Locking money into the vault
The recent downfall of interest rates has created a new type of bank run risk, which has banks deeply concerned. Unlike traditional bank runs, in which customers quickly withdraw their funds from a specific bank which they no longer trust, the current threat is that customers no longer have any incentive of leaving their savings in any bank, with such low interest rates. CNBC Yen Nee Lee confirms: “In the financial year ended March 2017, more than half of those banks lost money on that business segment […] Their margins are also squeezed by the Bank of Japan’s long-running negative interest rate policy. Regional lenders, which together account for around 40 percent of Japan’s outstanding loans, have turned to other businesses such as securities trading to boost their bottom lines.”
Common interests
So why would governments go along with such a blatantly self-serving strategy, from banks? According to Dr Salerno, who writes on the 2015 Louisiana law which makes cash transactions for second-hand goods illegal, “the aim of the bill is not to aid law enforcement in apprehending criminals, none of whom would be ever stupid enough to turn over such information. The real intent is to feed government’s insatiable hunger for tax revenues by completely stripping law-abiding citizens of financial privacy in secondhand transactions, every detail of which is fed directly into police files.” He therefore surmises, like many other experts in the field, that banks have no trouble convincing the State to go along with the push, because both parties would then see their power increase.

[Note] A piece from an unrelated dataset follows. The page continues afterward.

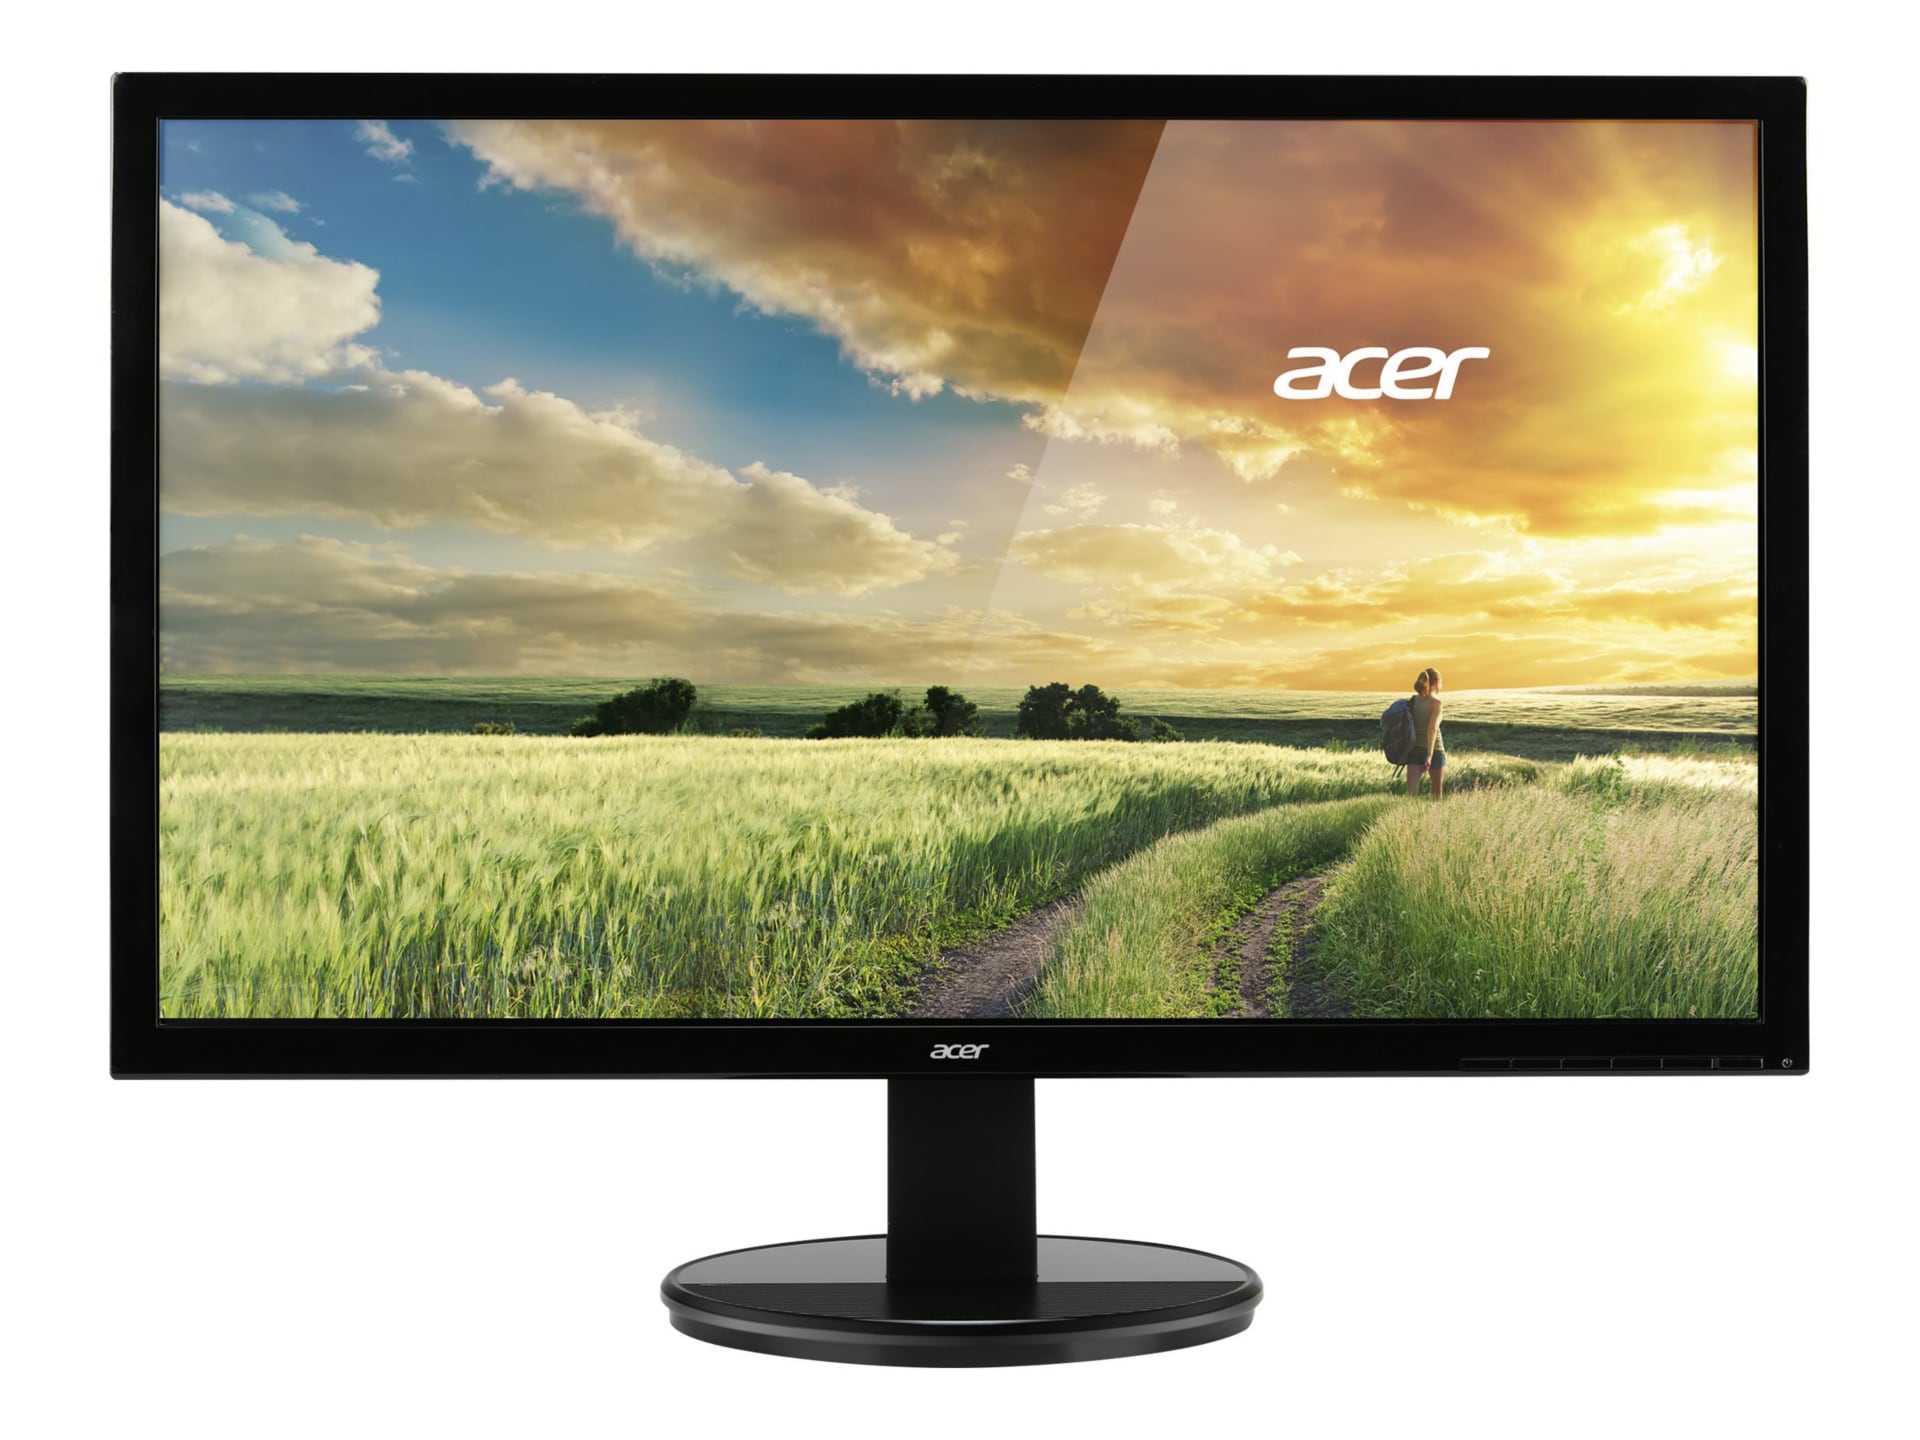 Acer K222hql Led Monitor Full Hd 1080p 215 Umwx3aa004

Doctor Salerno sees a fundamental difference between the current situation, in which many purchases around the world are made in cash every day, and the banks’ proposed evolution where banknotes would be eliminated. In the current state of affairs, the share of the wealth which is under the form of cash is outside the bank’s radar, making it unprofitable. Moreover, what money is stored within banks can be withdrawn under the form of cash- placing a limit on the bank’s power. If banks manage to persuade governments to stop printing cash, citizens will be locked into the banking system, entirely subjected to their power, with nowhere to go.